The trustees debated extending the premises, but in June 1874 it was resolved to take no action. Later that year, Henry Northcroft—a leading figure in Methodism in nearby Lancing (to whose chapel he had given money in 1872) and Worthing—gave some land on Steyning High Street to the Methodist cause. In 1875, the trustees successfully sought permission from the Methodist Conference to sell Jarvis Hall and establish a new larger chapel. At an auction on 27 May 1878, the chapel, its land and all fixtures and fittings were sold to a local builder, William Watson, for £235. After expenses, the trustees had £223.16s.8d. in the building fund for their new chapel, which had begun in the meantime. The new Steyning Methodist Church, in flint and yellow brick, opened on 13 April 1878.

William Watson sold the building on to the firm of Kilner & Burgess, who used it as a mineral water processing and bottling factory. It re-entered religious use in about 1883 when the Salvation Army started meeting there for worship. Meanwhile, from as early as 1875, and certainly by 1884, a congregation of Plymouth Brethren became established in Steyning; they met in a barn on the farmland belonging to Jarvis House. They moved into the chapel in 1907, and it became known as the Christian Meeting Hall. The congregation shared the building with a school gym at first, and a theatre and dance school occupied the building for a time during the 1960s. An independent Christian fellowship also shared the chapel from 1970. Brethren worship continued in the chapel for nearly a century, but in 1987 planning permission was granted to convert the building into flats.

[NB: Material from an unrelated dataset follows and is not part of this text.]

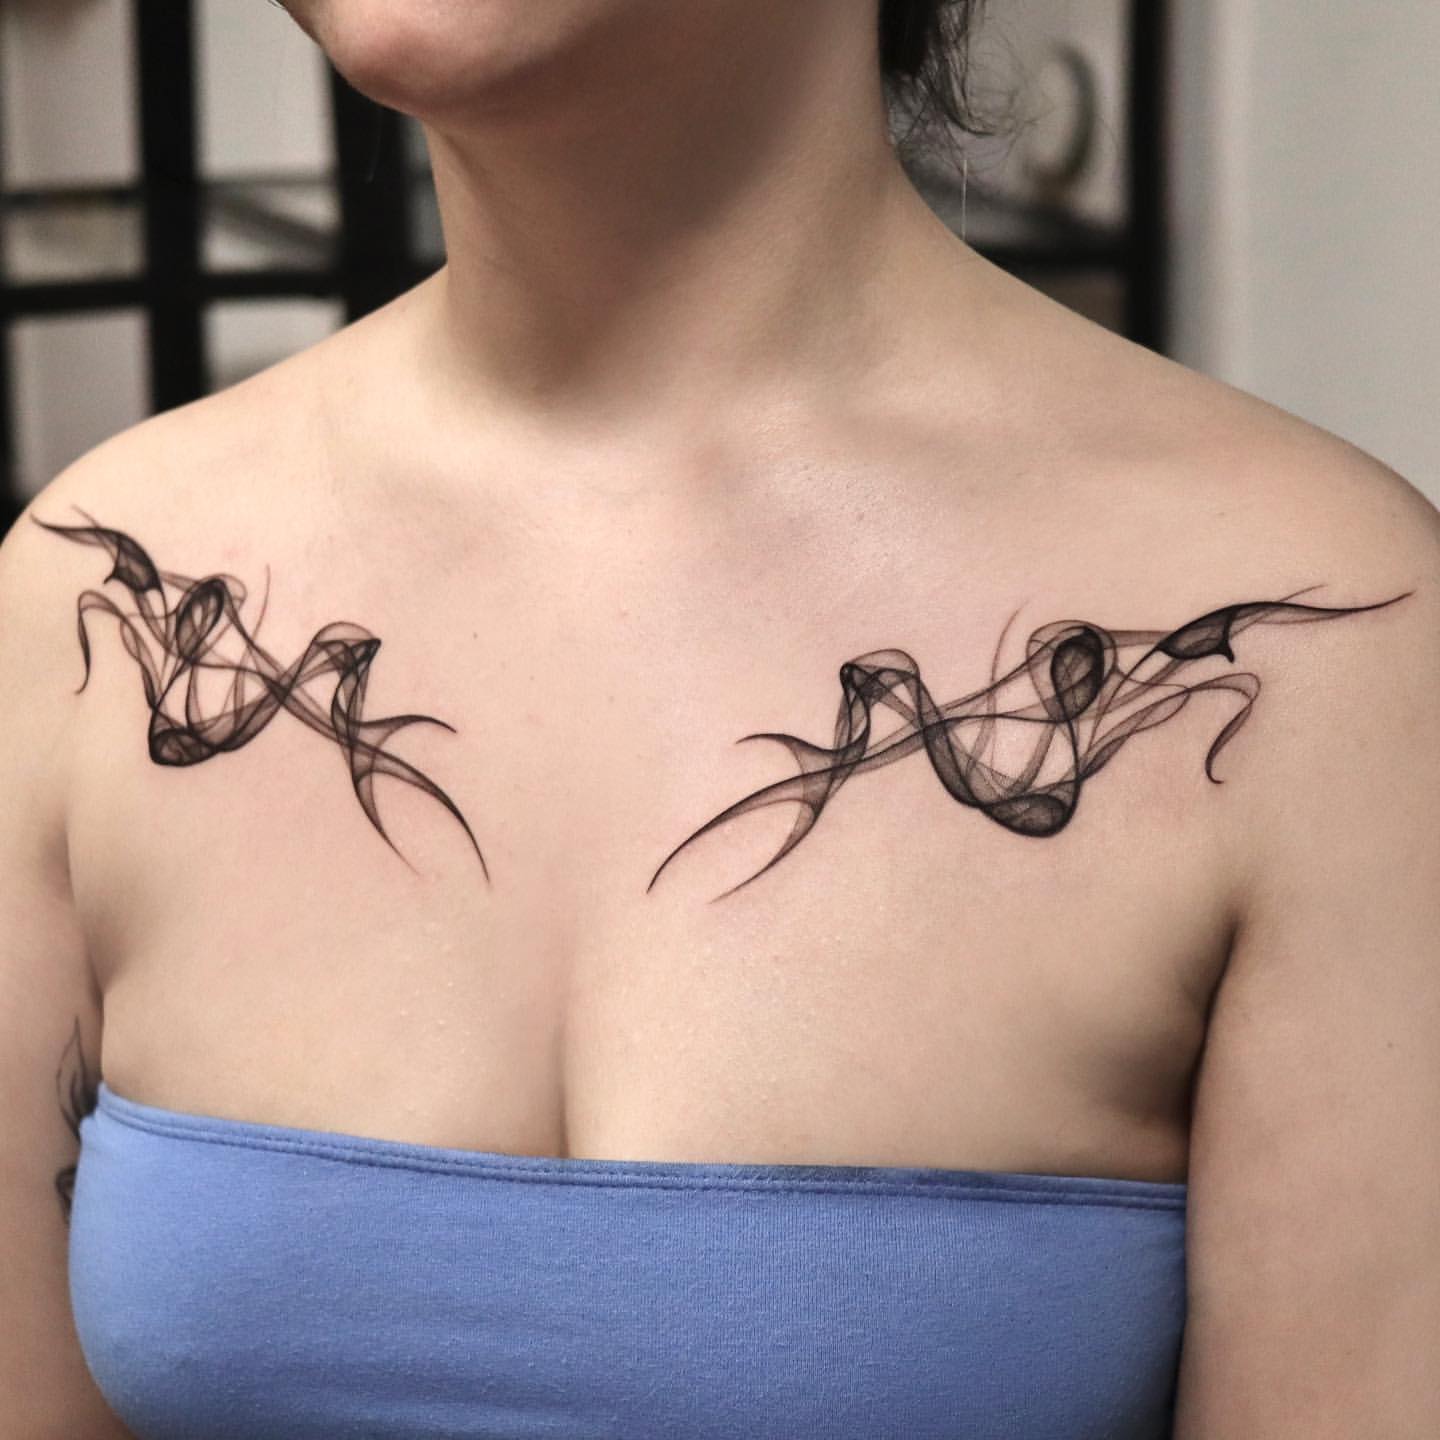 Chest Tattoos Ideas for Women 33

Jarvis Hall was listed at Grade II by English Heritage on 9 May 1980, when it was still a Brethren meeting hall. This status defines it as a "nationally important" building of "special interest". As of February 2001, it was one of 1,628 Grade II listed buildings, and 1,726 listed buildings of all grades, in the district of Horsham.

==Architecture==
Jarvis Hall is a plain Neoclassical building with a single storey. The walls are stuccoed. The façade has four tall pilasters reaching from ground level to a cornice, above which is a giant pediment with a circular recess which had a clock-face during the chapel's years of Methodist ownership. There are two tall arched windows flanking a double doorway with panelled doors. This has a straight-headed fanlight and sits below a cornice.